◆ The problem
Below are entries with pictures among them; reproduce exactly, and only, the lines from the one containing "Cuando cargue en" down to the one containing "tenda-router-wi-fi-4g-lte-n300-cat-4", without the pictures.

◆ Information
:::::

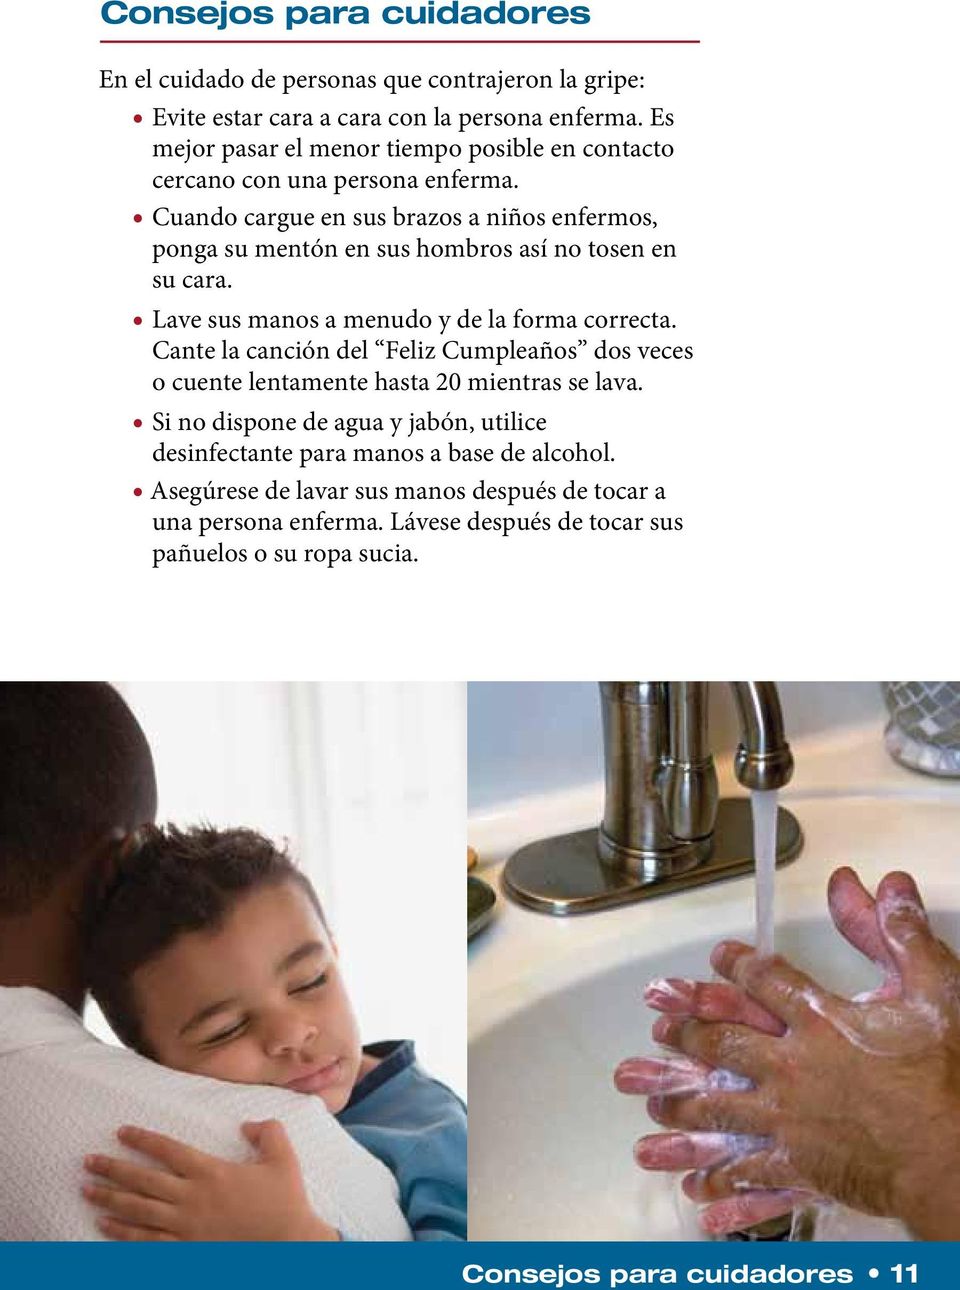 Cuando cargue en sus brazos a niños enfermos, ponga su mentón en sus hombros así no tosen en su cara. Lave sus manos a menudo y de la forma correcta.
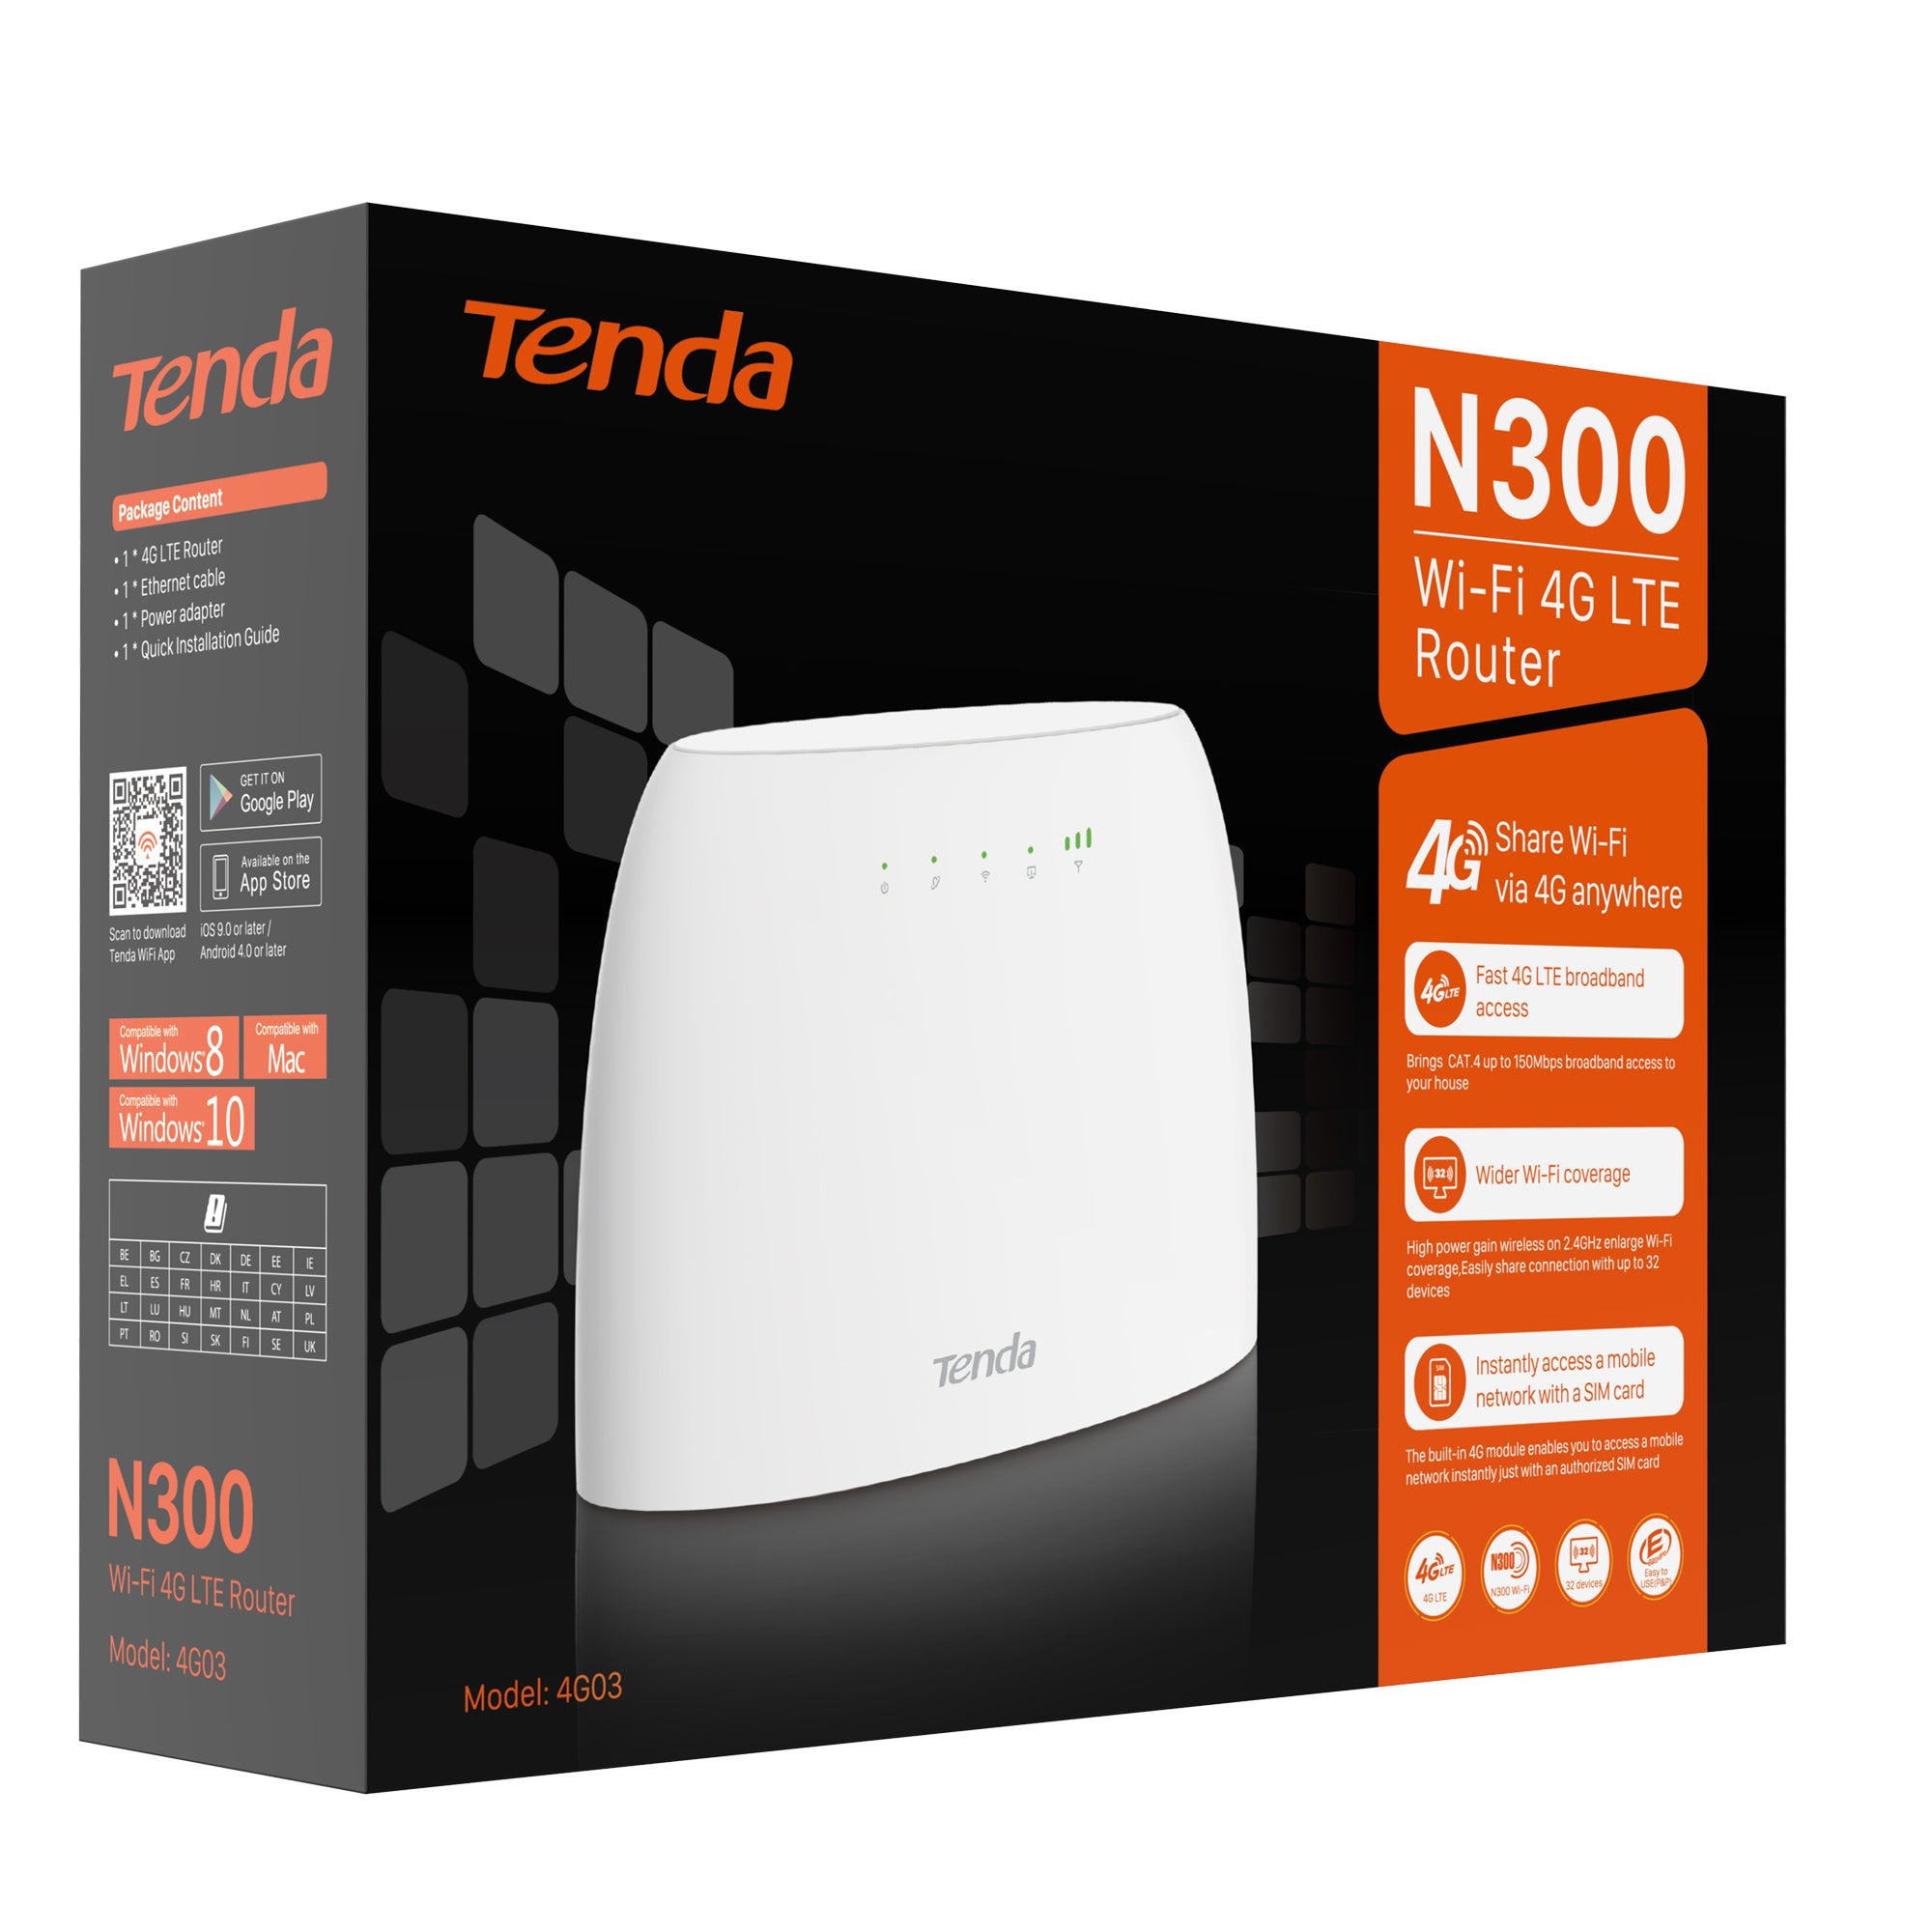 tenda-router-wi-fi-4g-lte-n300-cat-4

:::::

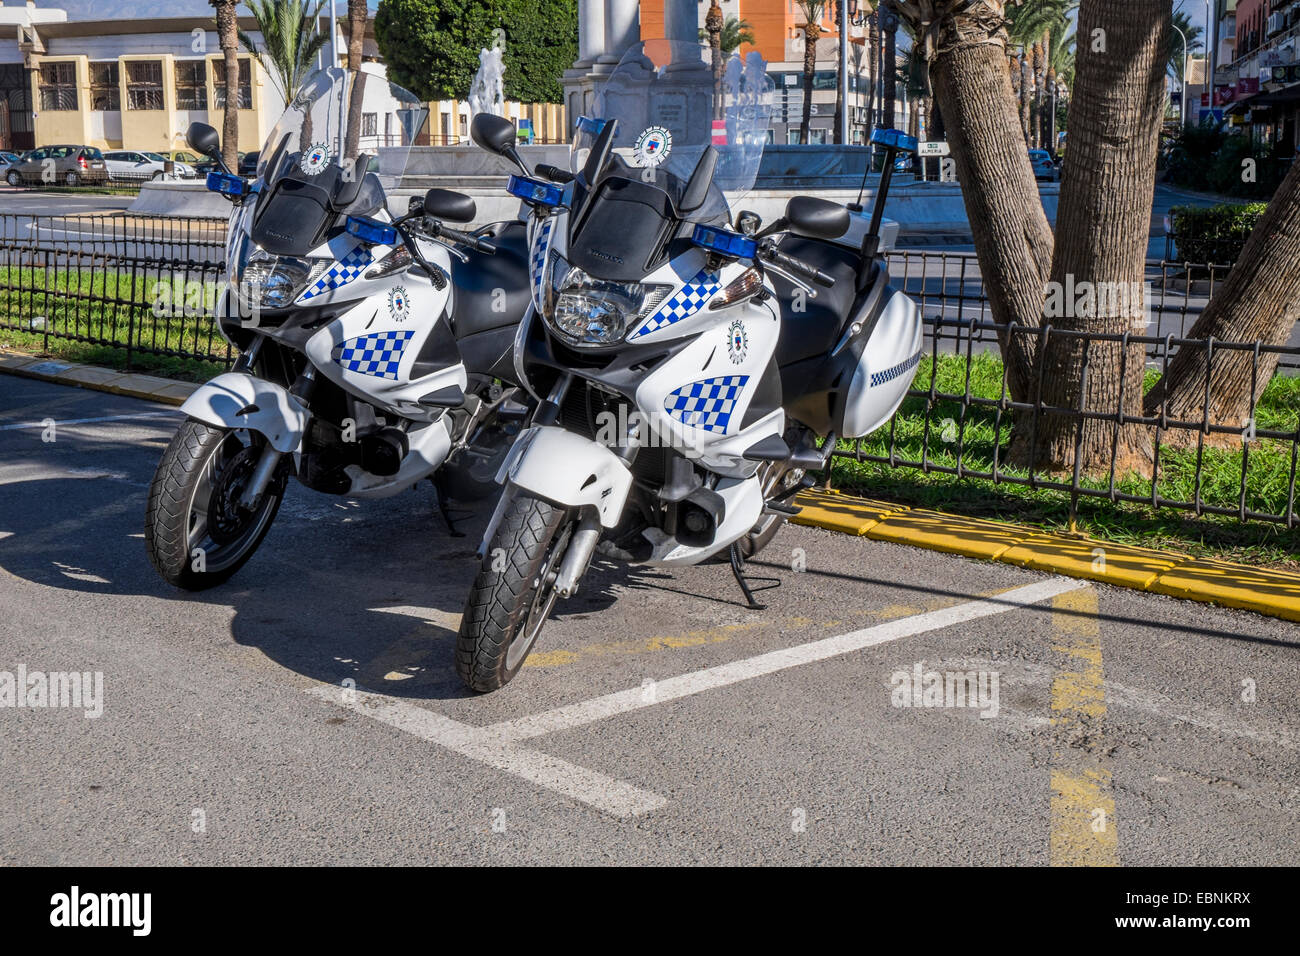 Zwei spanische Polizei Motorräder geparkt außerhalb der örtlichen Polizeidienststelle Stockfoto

:::::

◆ Written response
 Cuando cargue en sus brazos a niños enfermos, ponga su mentón en sus hombros así no tosen en su cara. Lave sus manos a menudo y de la forma correcta.
 tenda-router-wi-fi-4g-lte-n300-cat-4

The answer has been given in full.